The game played by the Mi’kmaq appears to have been primarily influenced by the Irish game of hurling. Players used a “hurley” (stick) to move a square wooden block across the rink. It’s now widely believed that this was the game that spread throughout Canada in the early 1800s, eventually leading to the creation of modern ice hockey.
As the sport developed, players adopted elements of field hockey, like the “bully” (later the face-off) and “shinning.” This evolved into an informal game known as shinny or shinty. The name hockey – as the organized game became known – is attributed to the French word hoquet, meaning “shepherd’s stick.”
Early versions of the game were played with a wooden block or ball that players would attempt to shoot into the other team’s goal. But an 1860 game at Kingston Harbour, Ontario, Canada featured the first recorded use of a puck instead. Today, hockey pucks are made of vulcanized rubber and are designed for durability. In fact, a 2014 study from the University of Alabama found that a standard puck could withstand 80,000 pounds of pressure before breaking apart.
The first recorded public indoor ice hockey game was held at Montreal’s Victoria Skating Rink in 1875 between two teams of McGill University students. It proved to be nearly as high-contact as many of today’s games. According to the Ontario newspaper The Daily British Whig, “Shins and heads were battered, benches smashed and the lady spectators fled in confusion.”
By the late 1800s, hockey was competing with lacrosse as Canada’s most popular sport. The first national hockey organization, the Amateur Hockey Association of Canada, was formed in Montreal in 1885. National attention was further focused on the game in 1893 when the Canadian governor-general, Frederick Arthur, Lord Stanley of Preston, donated a cup to be awarded annually to the top Canadian team. The three-foot-high silver trophy became known as the Stanley Cup. It was first awarded in 1892–93 to the Montreal Amateur Athletic Association team.
National Hockey League
The National Hockey Association (NHA), the precursor to the National Hockey League, was organized in 1910 and quickly became the sport’s strongest association in North America. But the NHA had its dissenters, and in a move to eject one of the league members, they decided to disband and form a new league. This resulted in the 1917 creation of the National Hockey League (NHL), which went on to become the world’s foremost professional hockey league.

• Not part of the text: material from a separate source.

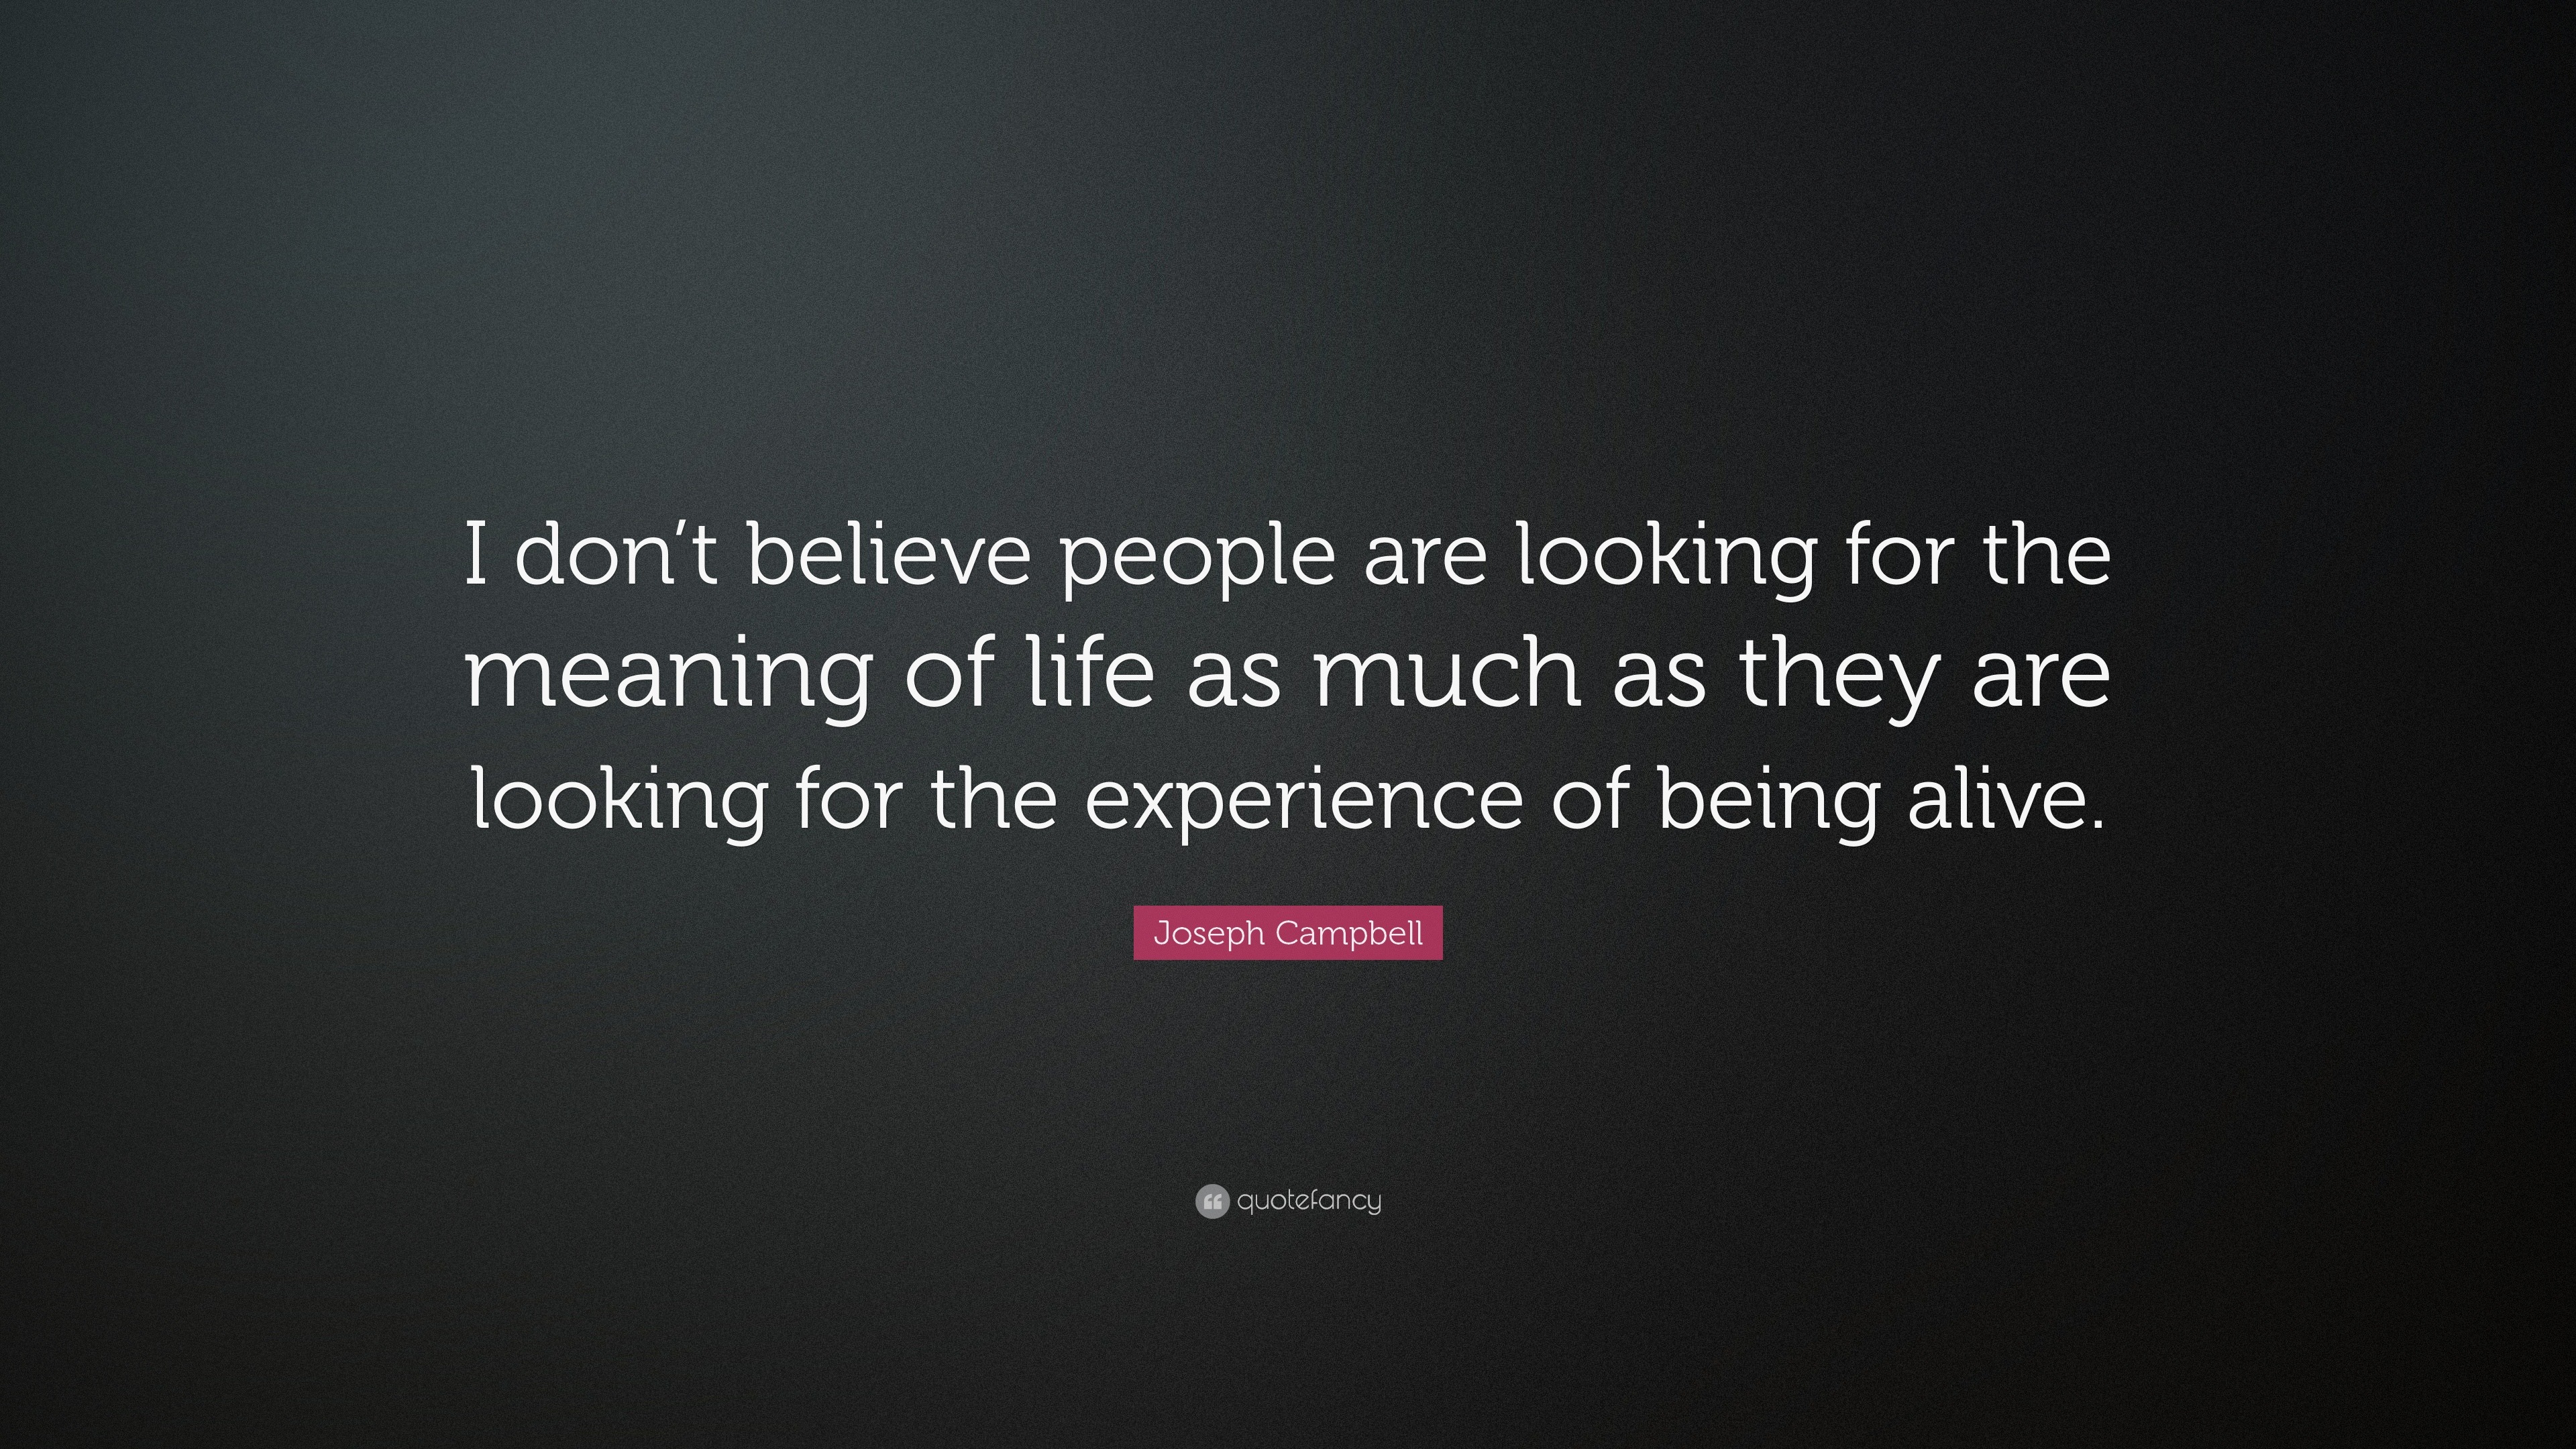 Joseph Campbell Quote: “I don’t believe people are looking for the ...

Initially, the NHL consisted of only Canadian teams. But in 1924 the first U.S. team, the Boston Bruins, joined the league. Several other American teams joined in the following years – a few of which quickly exited – and for several decades, the NHL was composed of just six teams. But in 1967, the NHL undertook one of the largest expansions in professional sports history when it doubled in size to 12 teams.
In the years since the league’s inception, a number of figures have emerged as icons of the sport. The Montreal Canadiens have won the most Stanley Cups with a total of 24. They’ve won nearly twice as many championships as the second-closest team, the Toronto Maple Leafs, with 13. When it comes to individual players, Wayne Gretzky has the most records of any NHL athlete. He holds or shares a total of 61 records in the NHL’s Official Guide and Record Book.